Kararı verenler yargılanmalıydı
Birleşik Tasımacılık Sendikası Genel Başkanı Yavuz Demirkol da hızlandırılmış trenin çalıştırılmasına karar verenlerin de yargı önüne çıkarılması gerektiğini belirterek, bu kararla kamu vicdanının rahatsız olduğunu söyledi
Makinistler de kurtuldu
Kazanın ardından açılan kamu davasında yerel mahkeme 1. makinist Fikret Karabulut’a 2 yıl 6 ay hapis ile bin 100 lira para, 2. makinist Recep Sönmez’e ise 1 yıl 3 ay hapis ile bin 333 lira para cezası vermiş, tren şefi Köksal Coşkun da beraat etmişti. Yargıtay tebligat eksikleri nedeniyle kararı bozdu. Karar aynen Yargıtay’a gönderildi, 12 farklı gerekçeyle ikinci kez bozuldu. Davayı üçüncü kez ele alan yerel mahkeme, eksiklerin giderilmesi için duruşmaları ertelemiş ve zaman aşımı süresi 22 Ocak 2012’de dolmuştu. Sonuçta 8’de 4 kusurlu bulunan idareden kimse sanık sandalyesine dahi oturmadı. Toplamda 8’de 4 kusurlu bulunan 2 makiniste verilen 1-2 yıllık hapis cezaları da düştü.
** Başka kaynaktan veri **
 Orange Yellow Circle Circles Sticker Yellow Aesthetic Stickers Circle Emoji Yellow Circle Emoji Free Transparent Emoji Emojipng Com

Sevgili iSMET AK'in yorumu: Uygarligin gercek olcusu ne nufus coklugu, ne kentlerin buyuklugu ve akilli binalar, ne kocaman kocaman alis veris merkezleri, ne uretim bollugu, ne herkesin cebinde bilgisayar tasimasi, ne son model luks araclarin coklugu, ne hizli ve modern toplu ulasim araclari, ne her sehirde bir universite yapilmasi, ne de insanlarin sik giyinmeleridir.
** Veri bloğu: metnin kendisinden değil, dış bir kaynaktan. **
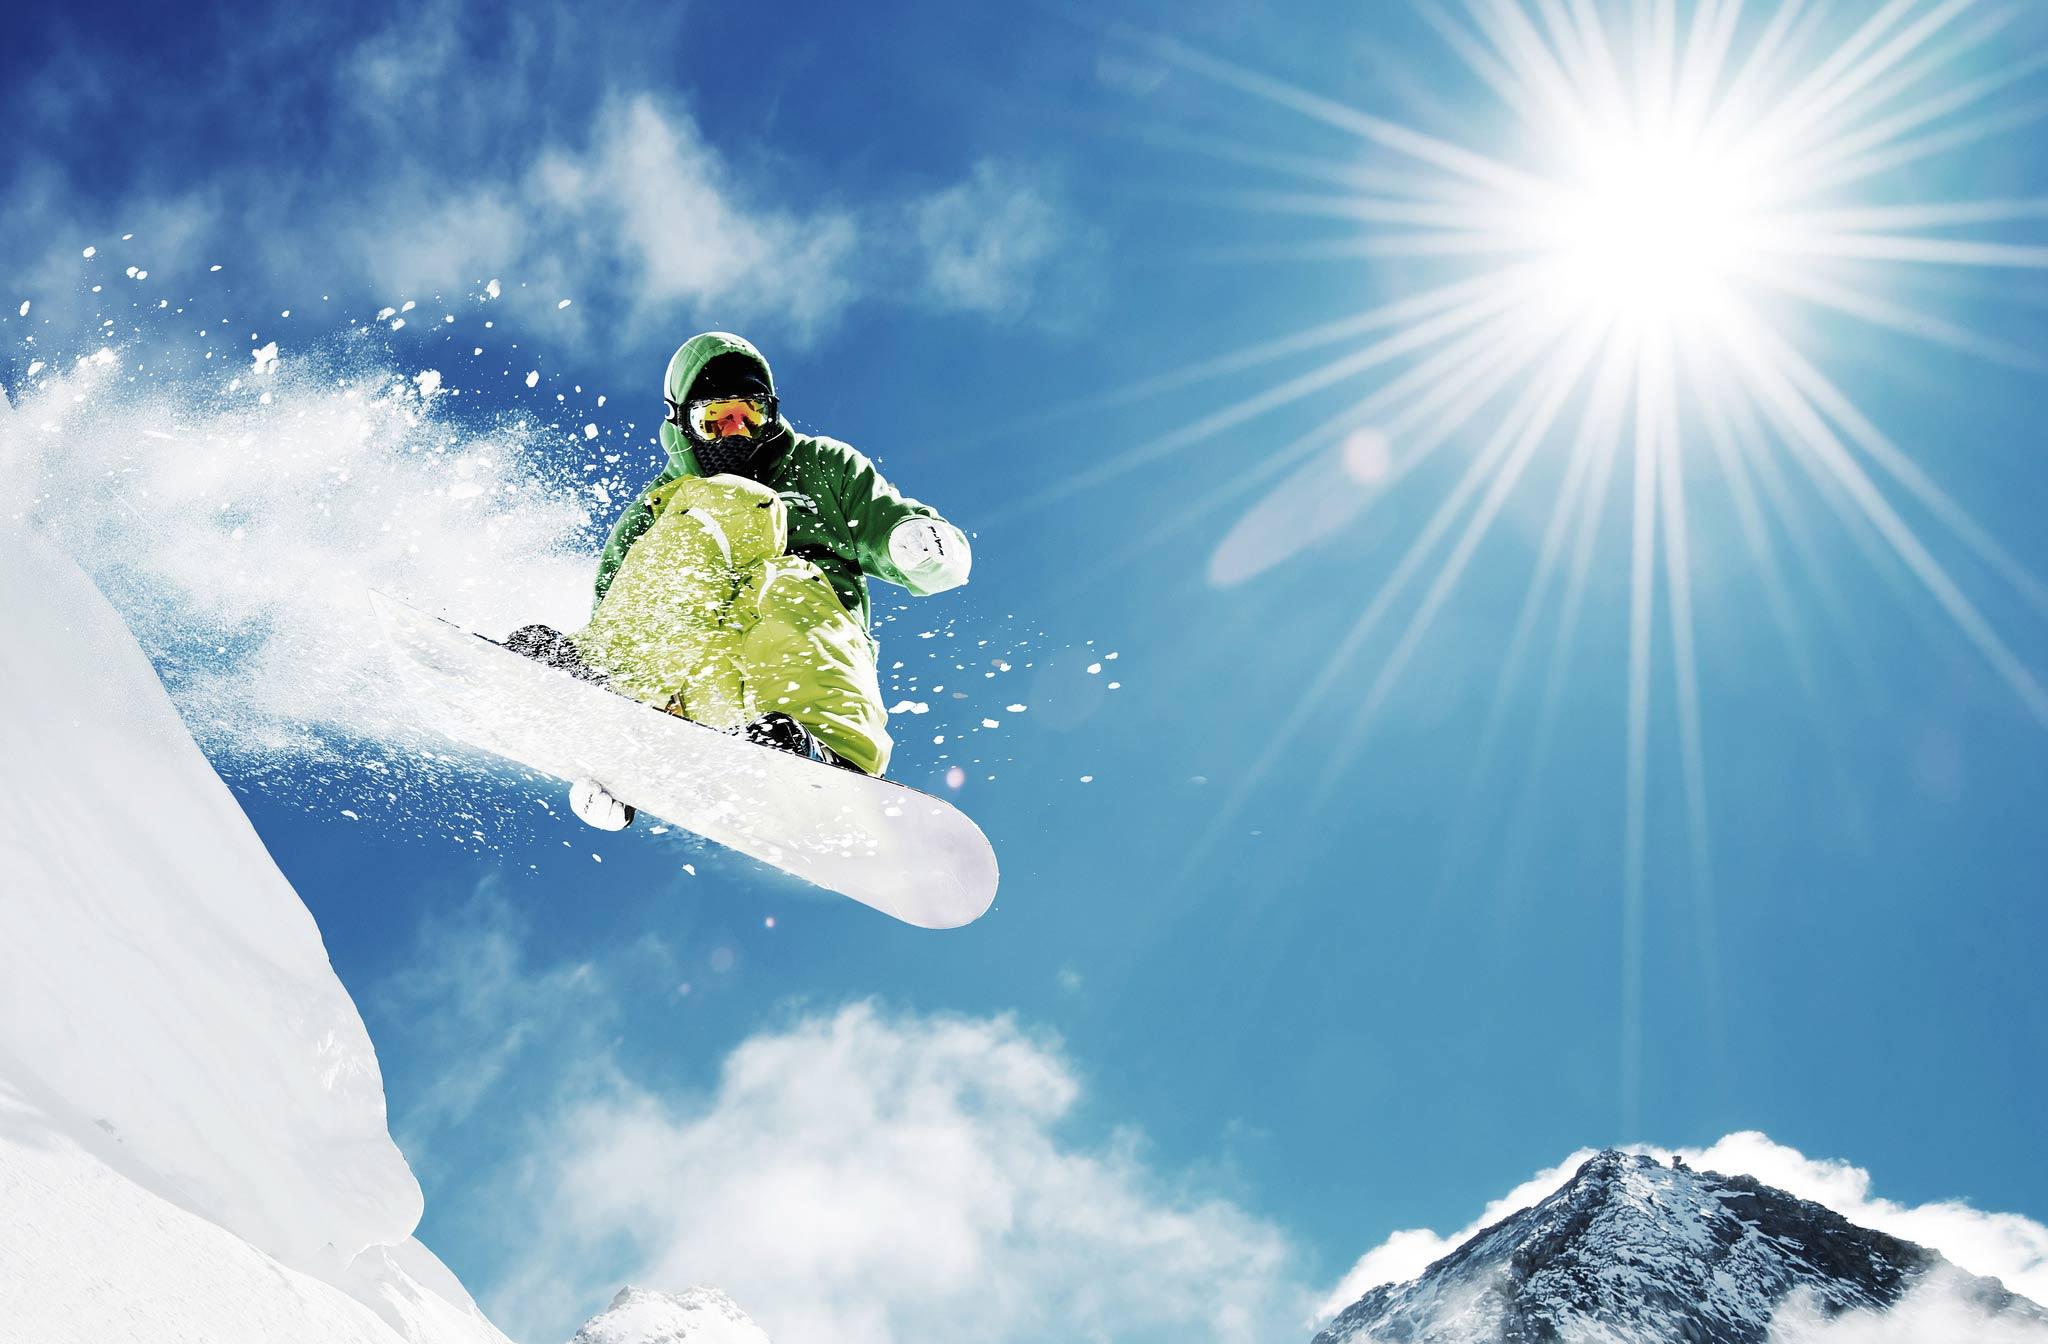 Snowboarder---Whistler

Gercek olcu, ulkenin yetistirdigi insanlara ve ulkede yasayan canlilara verdigi degerdir. Gercek olcu, ulkede yasayan insanlarin akil, duygu, kultur ve sorumluluk zenginligidir. Gercek olcu, birey olma, kendini ifade edebilme, ozgur dusunebilme ve ozgurce karar verebilmektir. Gercek olcu, hukuk ve hukuk kurallarinin insanligin ortak vicdan, mantik ve akil olculerine gore islemesi ve bir gun Hukuk, herkes icin ihtiyac olacaktir ilkelerine gore uygulanmasidir.

Kendimde dahil tum grup uyelerini ekteki kazayla ilgili sonucu okuduktan sonra bir empati yaparak bir dakika bile olsa o kazayi yasayanlarin, o kazada kalici hasar gorenlerin ve o kazada hayatini kaybeden ailelerin yerine kendimizi koyarak dusunmemizi ve vicdanlarimizi sorgulamamizi rica edeiyorum.